CHAPTER TWO: SHAPING & HETEROGENOUS SUBSTRATES OF BEHAVIOR

  • All learned behaviors reflect an interaction between training procedures and preexisting behaviors; changes tend to fit with an organism’s preexisting behavioral tendencies, arising from prior genetic programming.
  • Shaping: a conditioning procedure that produces new behaviors by reinforcing successive approximations to the desired behavior.
  • UNCONDITIONED BEHAVIORS: unlearned behaviors, preexisting and genetically programmed; also called unconditioned responses by Pavlov.
  • CONCEPT OF REFLEX:
    • Reflex: the smallest unit of unconditioned behavior; the reflex is the relationship between a simple response and a specific environmental stimulus.
    • Examples: eyeblink after dust in the eye; a reflex arc links stimulus to response.
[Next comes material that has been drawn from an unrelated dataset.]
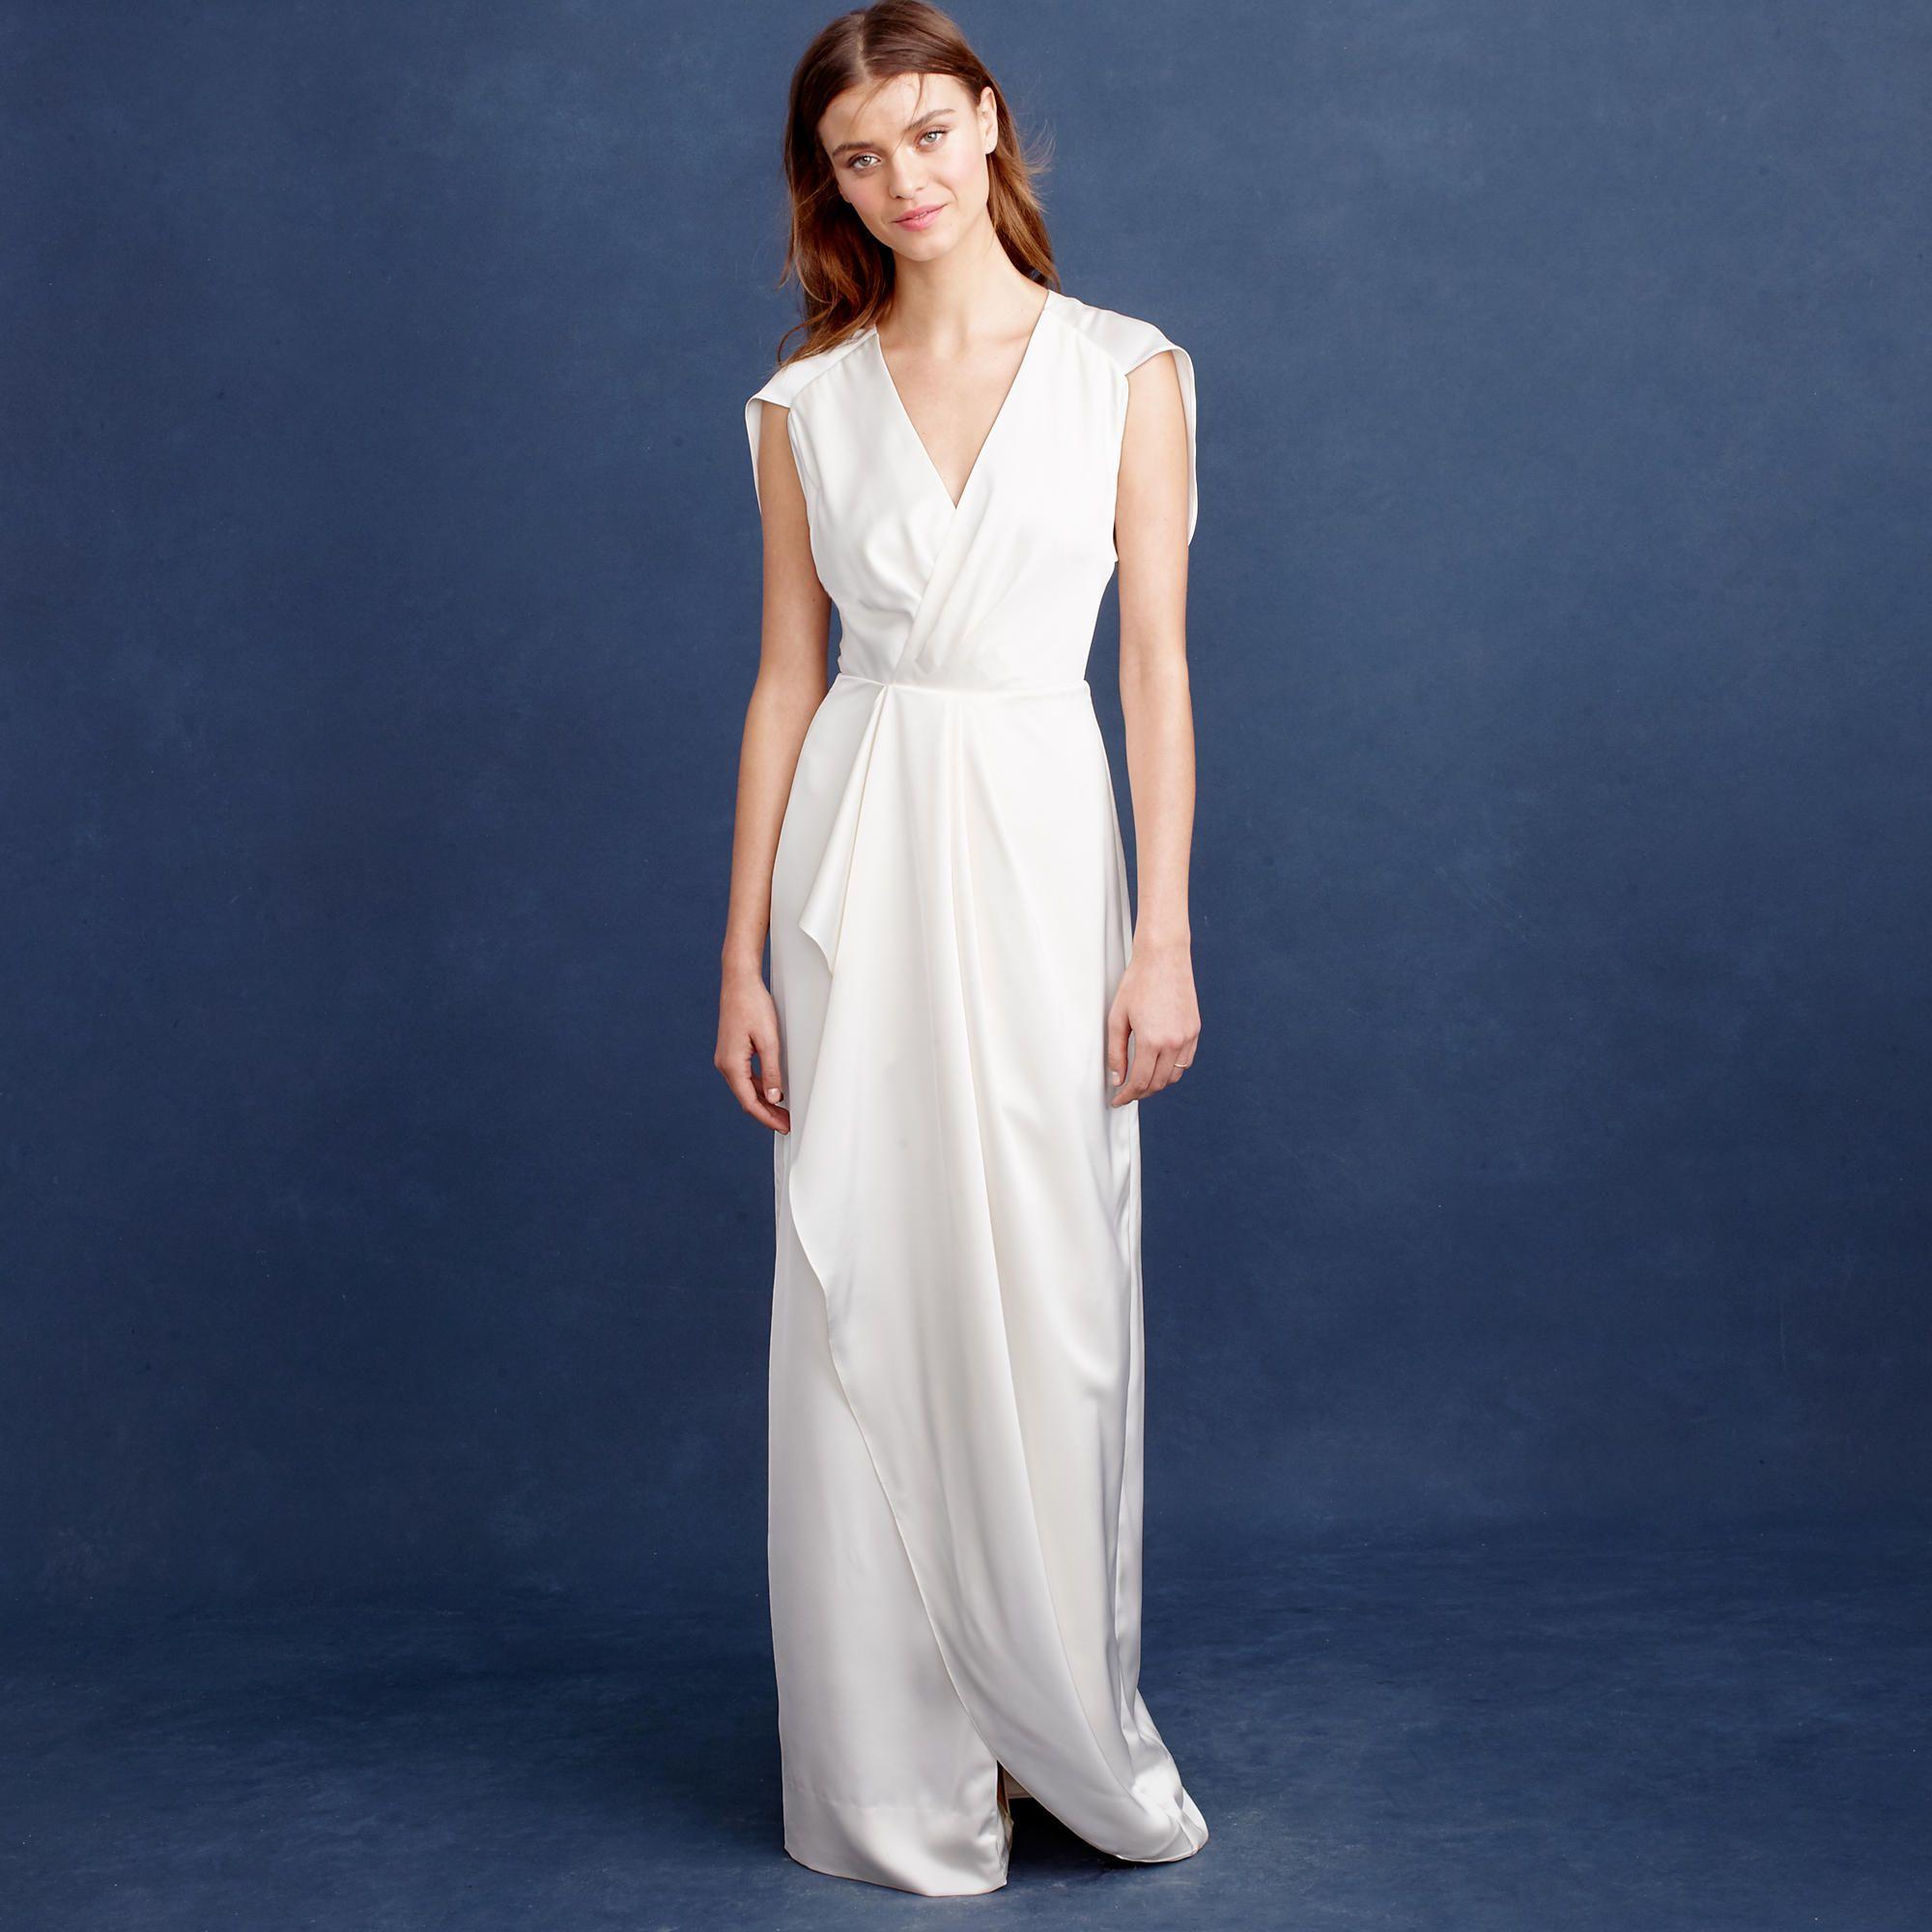 25 Beachy Wedding Dresses for Your Seaside IDos'

  • Rene Descartes (1596–1650): proposed the reflex as a reflection of stimulus energy into response energy.
  • THE REFLEX CONCEPT (restatement): reflexive responses elicited when a specific stimulus occurs reliably; a sudden loud noise can cause a startle.
  • REFLEX ARC: the entire S-R unit:
    1) Eliciting stimulus enters the spinal cord via a sensory neuron (e.g., shock from a live wire; nipple touching a baby’s cheek).
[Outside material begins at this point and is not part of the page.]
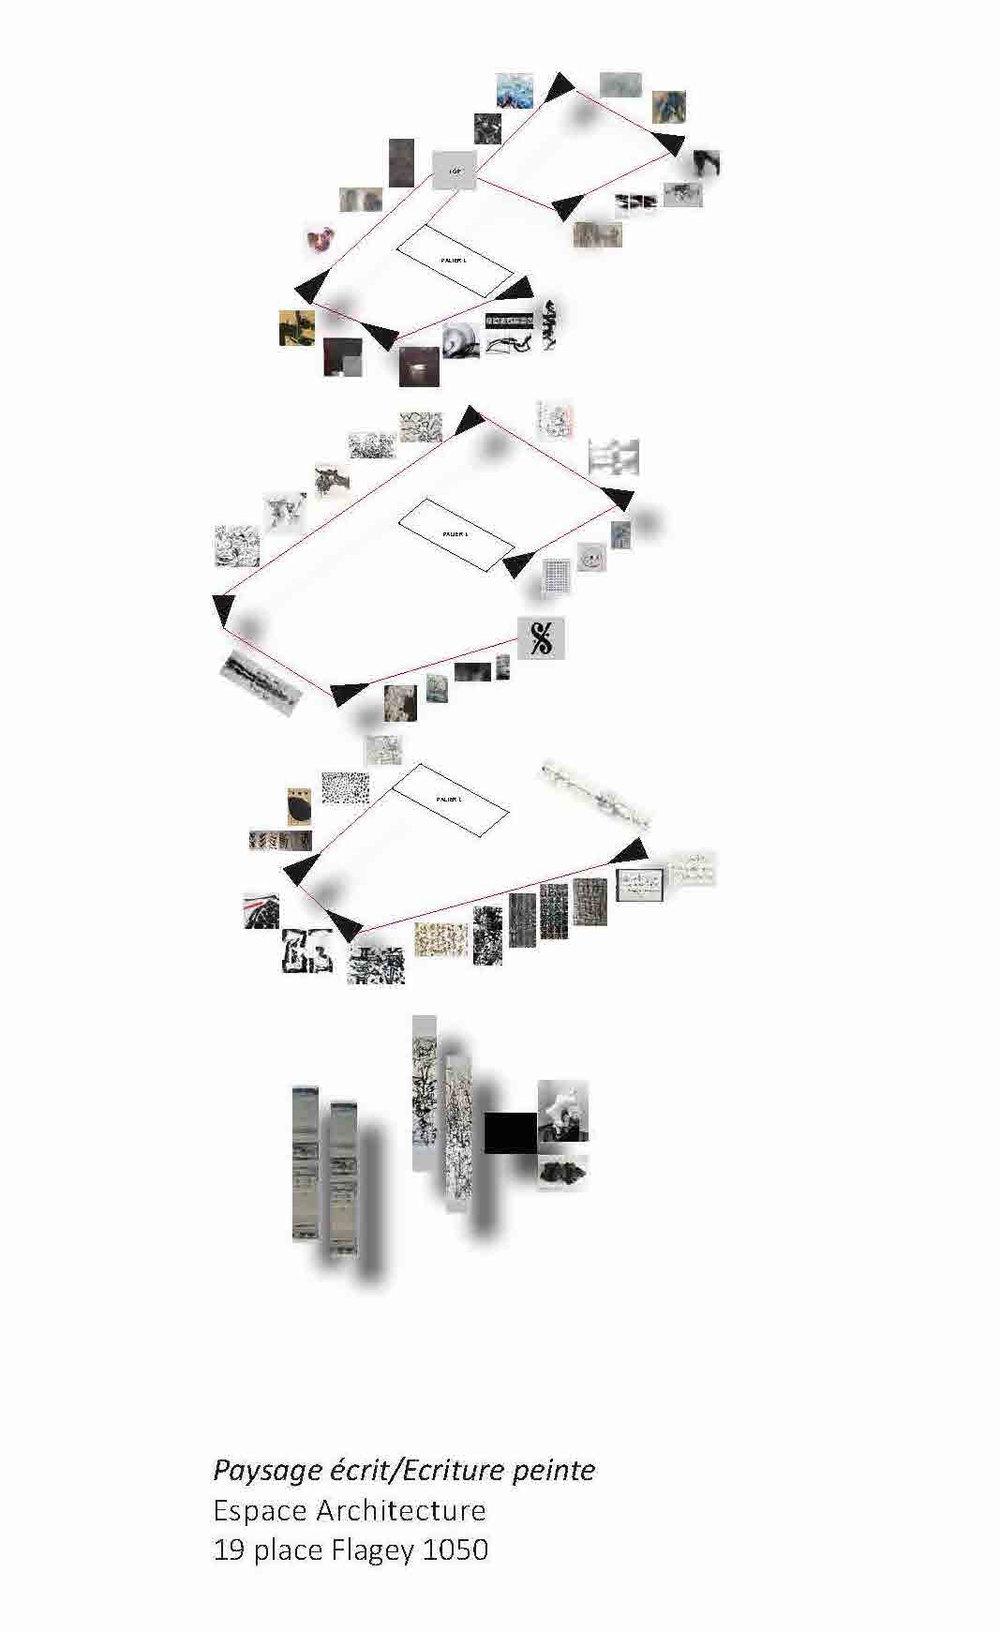 dépliant A4 INK BRUSSELS 2019_Page_1 copy.jpg

    2) Elicited response is transmitted to the muscles via a motor neuron (e.g., hand jerk; baby head turn toward nipple).
  • REFLEXES ARE CRITICAL FOR LIFE:
    • Respiratory reflexes enable breathing.
    • Suckling reflexes enable newborns to drink milk.
    • Swallowing and digestive reflexes; postural reflexes; withdrawal reflexes protect from injury.
  • MODAL ACTION PATTERNS (MAPS):
    • Ethology: study of evolution/development of functional units of behavior.
    • MAPs are organized patterns reliably elicited by a specific stimulus; also called instincts; exhibited by all animals including humans.
    • Sign stimulus: a particular feature of a stimulus sufficient to elicit a MAP.
    • Example: Pecking response of herring gull chicks is elicited by the red spot on a parent’s bill; the combination of the bill shape and red spot triggers pecking, which causes the parent to feed.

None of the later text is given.